Informacoes sobre ordens
| Nome do Produto | Numero de Catalogo | UNID | Preco | Qde | FAVORITOS | |
MZF-1 Plasmídeo duplo de Nickase (h) | sc-403142-NIC | 20 µg | $410.00 | |||
MZF-1 Plasmídeo duplo de Nickase (h2) | sc-403142-NIC-2 | 20 µg | $410.00 |
MZF1 (myeloid zinc finger 1) codifica o MZF-1, um fator de transcrição do tipo dedo de zinco C2H2 que se liga a elementos regulatórios ricos em GC para coordenar programas de expressão gênica envolvidos na diferenciação hematopoética, no controle do ciclo celular e no comprometimento de linhagem. Por meio da modulação de redes transcricionais que governam proliferação, apoptose e maturação mieloide, o MZF-1 pode influenciar processos como a manutenção de células-tronco/progenitoras e a sinalização responsiva ao estresse. Alterações na expressão ou na atividade de MZF1 têm sido associadas a estados transcricionais desregulados observados em neoplasias hematológicas e outros cânceres, nos quais pode afetar invasão, sobrevivência ou assinaturas gênicas associadas à diferenciação.

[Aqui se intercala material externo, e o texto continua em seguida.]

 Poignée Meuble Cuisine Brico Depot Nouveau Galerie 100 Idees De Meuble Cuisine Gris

Como regulador nuclear que se liga ao DNA, o MZF-1 é frequentemente estudado para mapear a ocupação de promotores, definir circuitos transcricionais e dissecar funções oncogênicas ou supressoras de tumor dependentes do contexto.

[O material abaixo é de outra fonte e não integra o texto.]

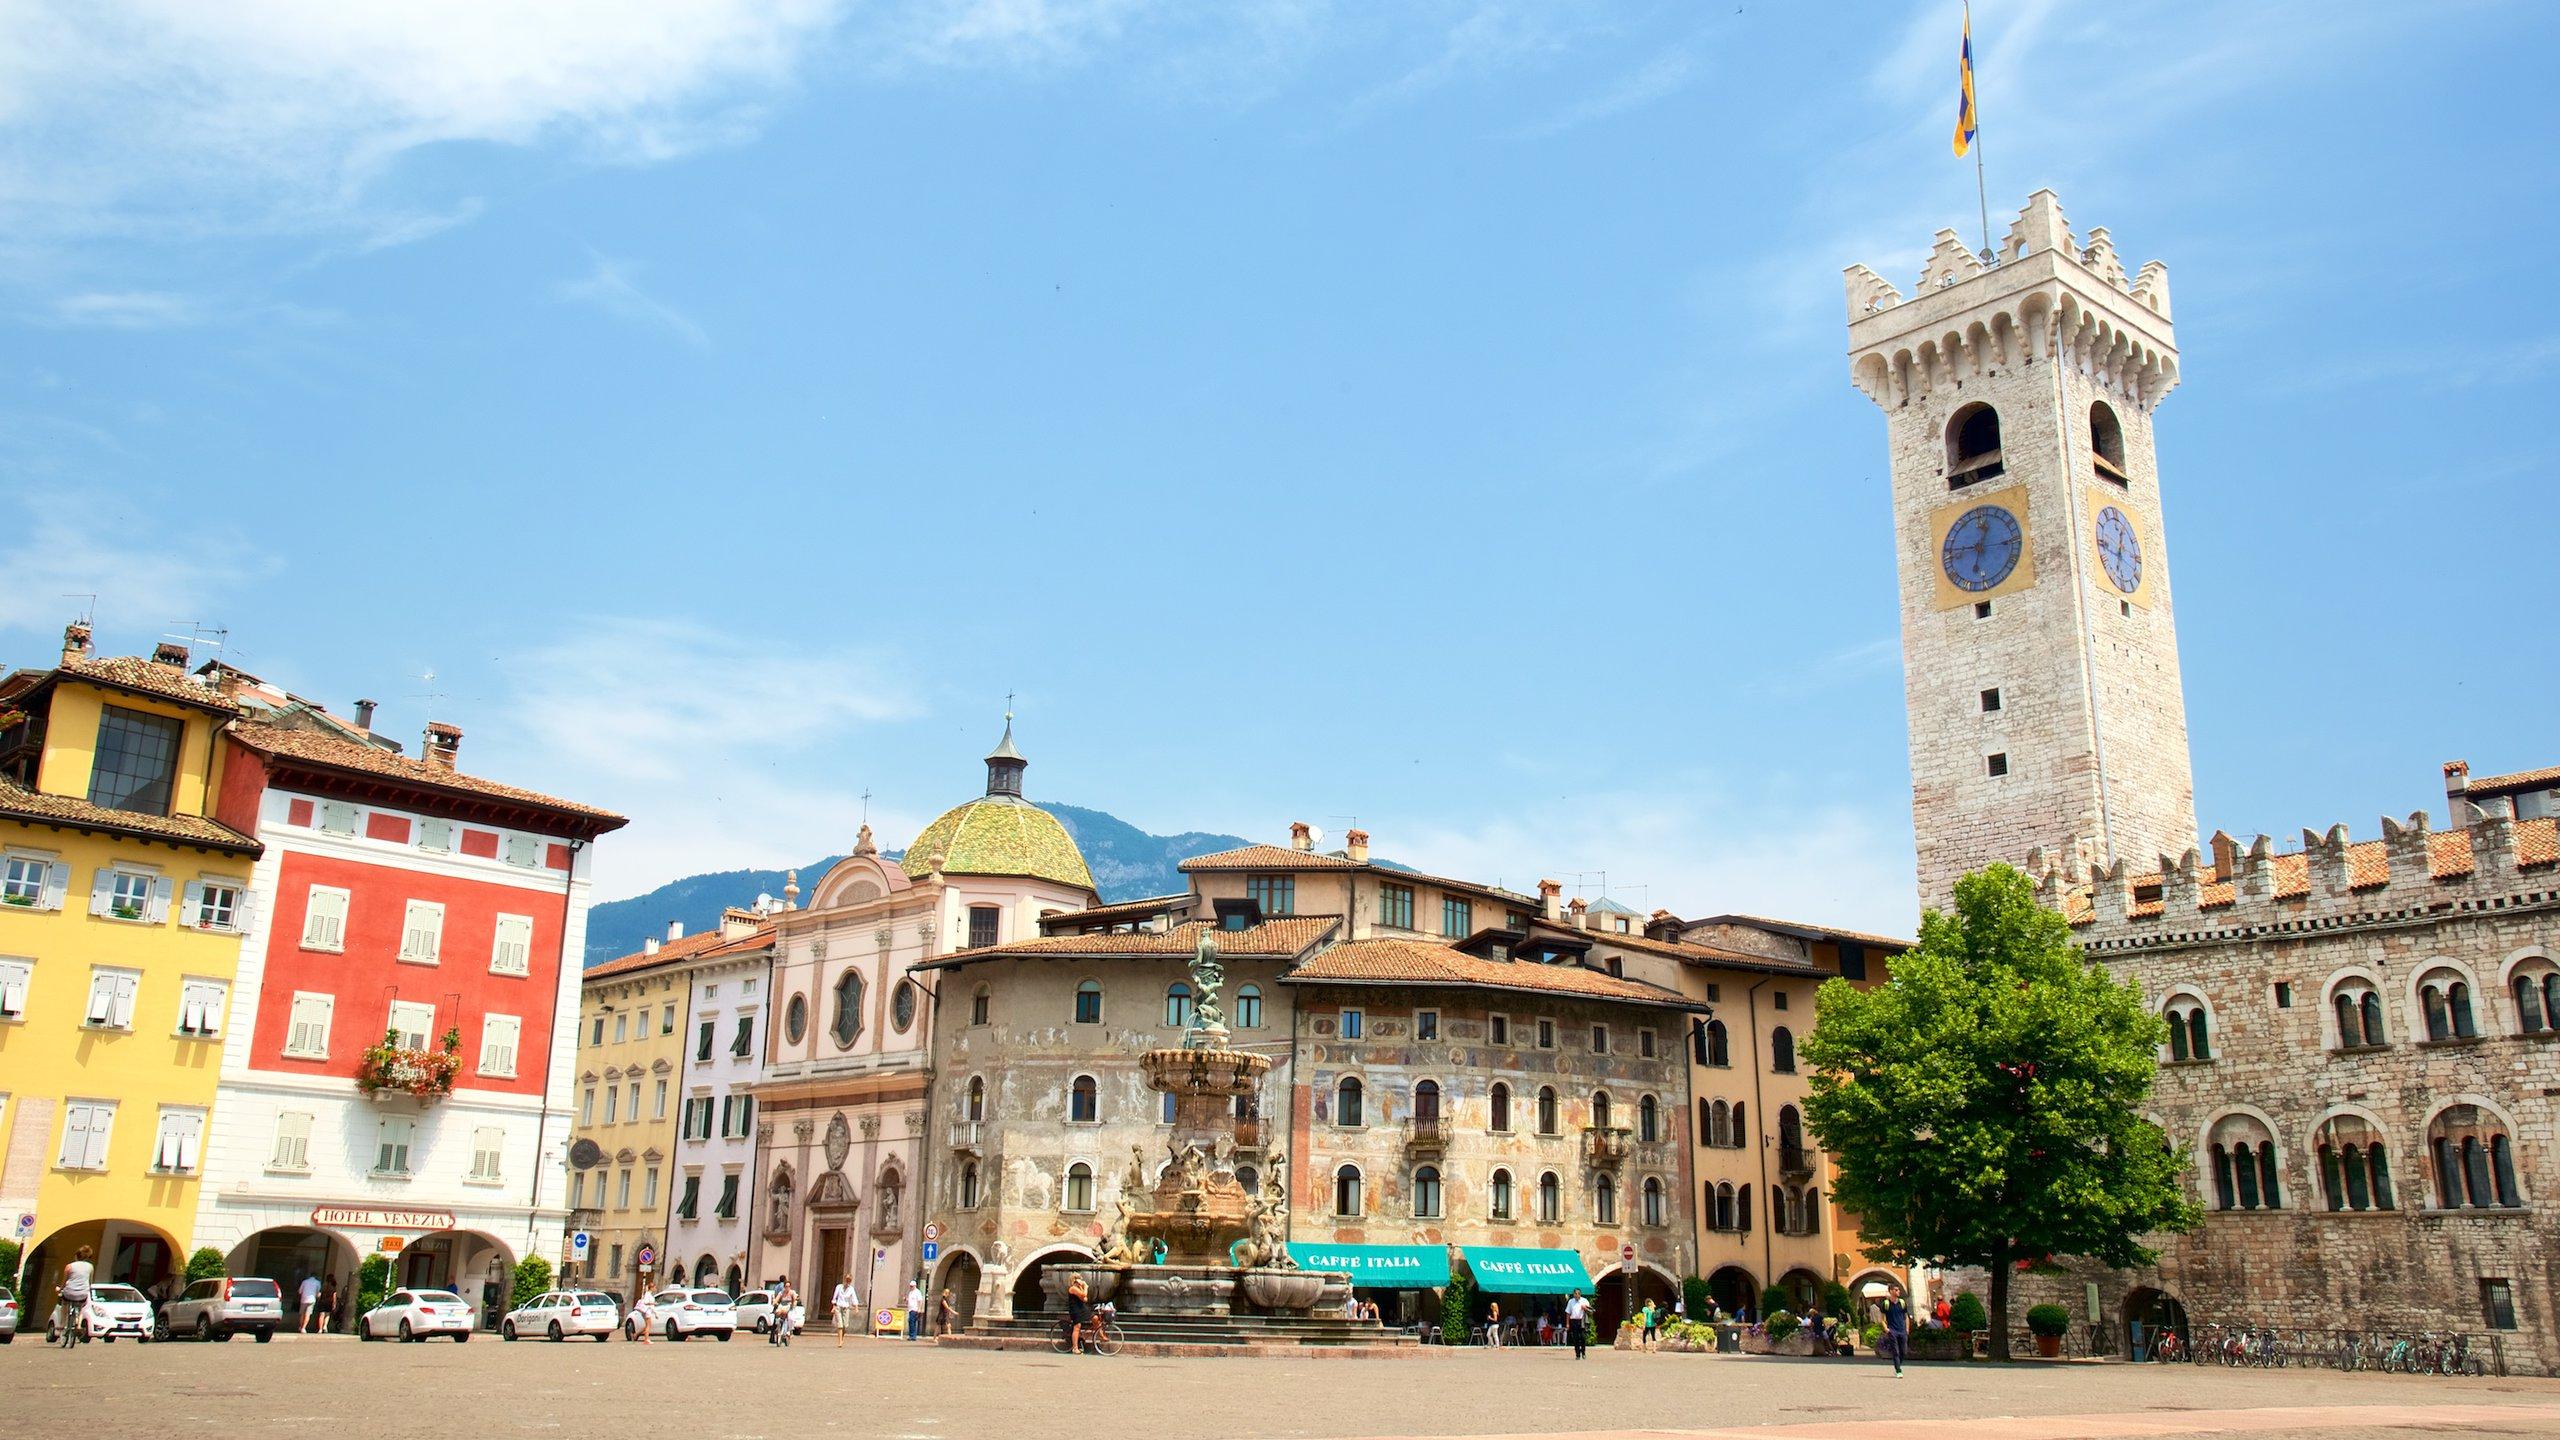 Trento, Trentino-Alto Adige, Italy

MZF-1 O Plasmídeo de Nickase Dupla (h) consiste num par de plasmídeos combinados, concebidos para a edição de alta especificidade do locus MZF1 em linhas celulares human. Cada plasmídeo expressa uma nickase Cas9 D10A e um sgRNA distinto que tem como alvo cadeias de ADN opostas dentro de MZF1. Quando direcionadas para locais adjacentes em cadeias de ADN opostas, as duas nickases geram cortes deslocados numa única cadeia que, em conjunto, produzem uma quebra escalonada de cadeia dupla, exigindo uma atividade coordenada no alvo por parte de ambas as guias. A quebra de ADN resultante é resolvida por vias de reparação celular endógenas, mais frequentemente através da junção de extremidades não homólogas (NHEJ), levando a inserções ou deleções que perturbam a função MZF1. Ao exigir o envolvimento de dois sgRNA no locus alvo, a abordagem de dupla nickase aumenta a especificidade da edição e fornece uma estratégia CRISPR complementar para aplicações em que se deseja um controlo adicional sobre a precisão do direcionamento.

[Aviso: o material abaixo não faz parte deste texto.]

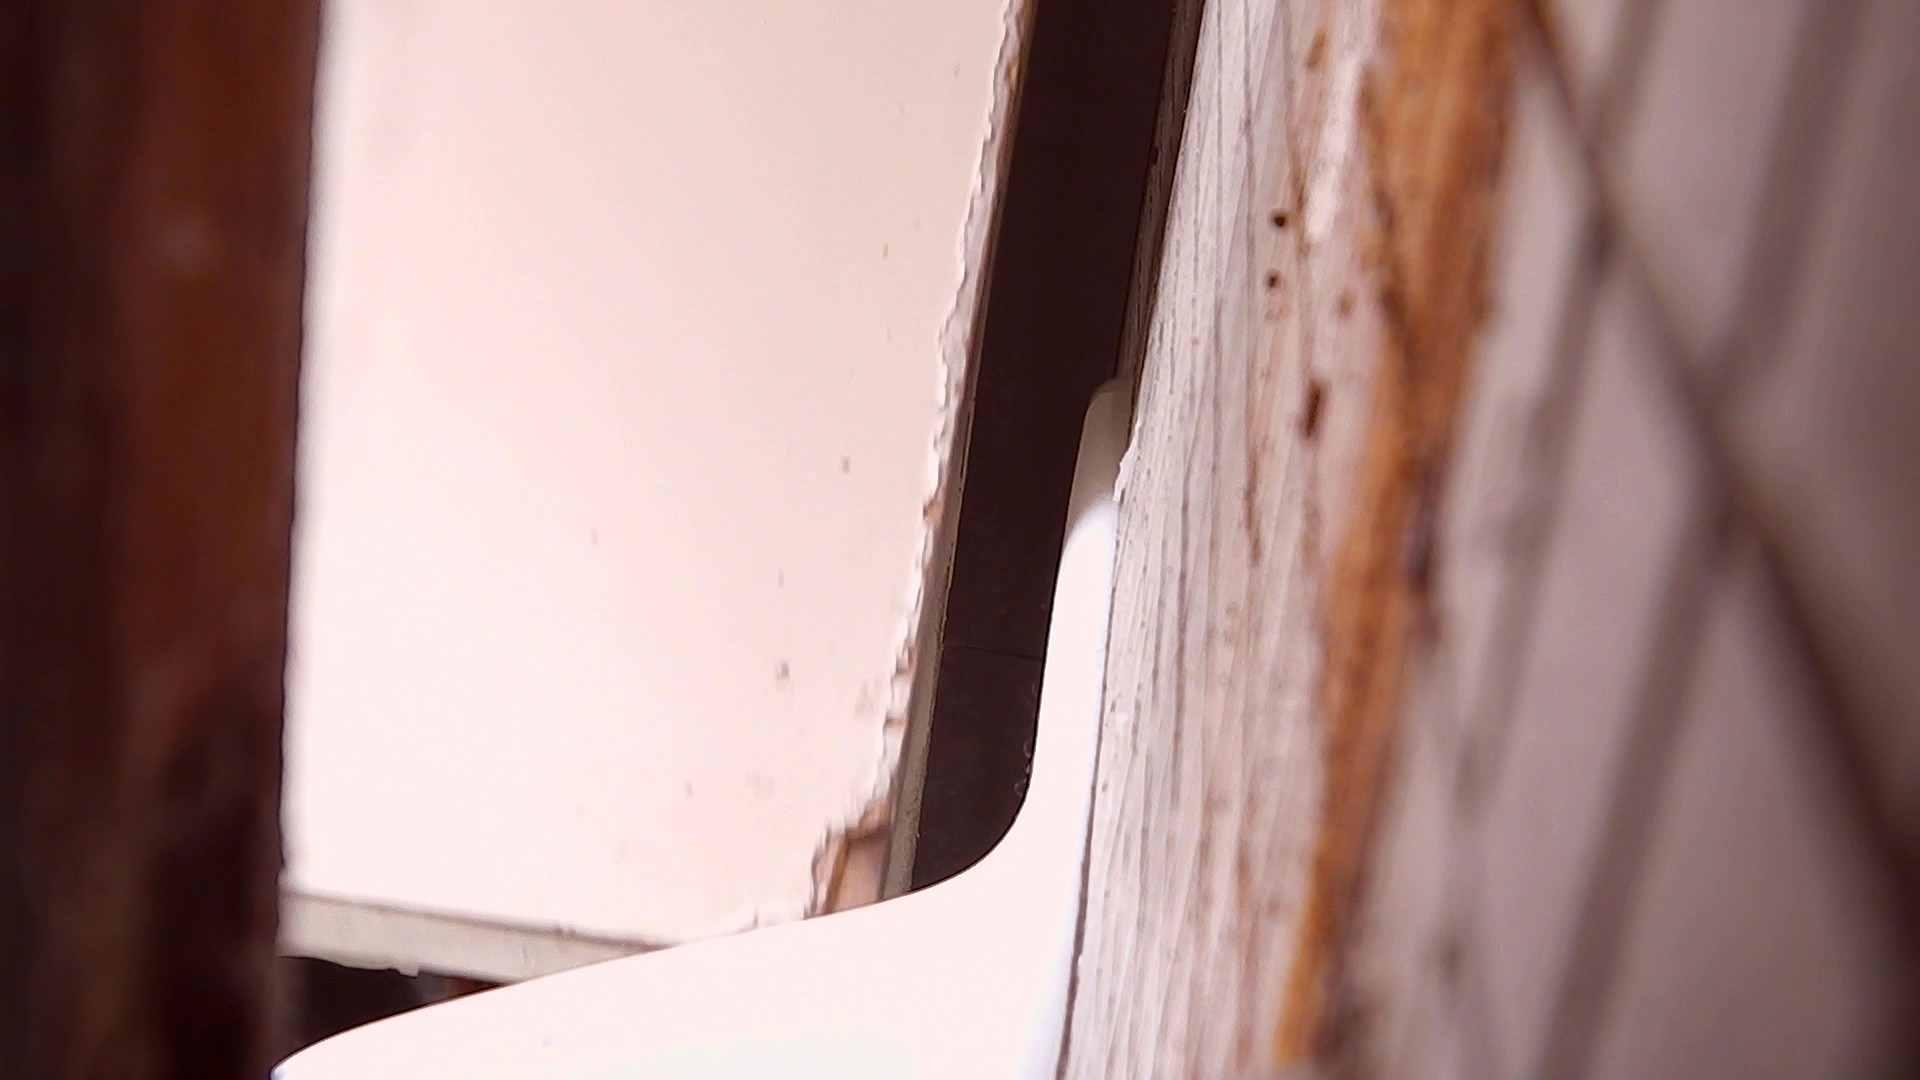 高画質至近映像和式の隙間 Vol.01 和式 オマンコ動画キャプチャ 104枚 65

Para apoiar a identificação eficiente das células editadas, um plasmídeo codifica GFP para visualização fluorescente das populações transfectadas, enquanto o plasmídeo complementar transporta um gene de resistência à puromicina para seleção antibiótica. Em conjunto, estas características apoiam o enriquecimento eficiente das populações co-transfectadas e simplificam a validação dos clones com MZF1 interrompido.
Apenas para uso em investigação. Não se destina a uso diagnóstico ou terapêutico.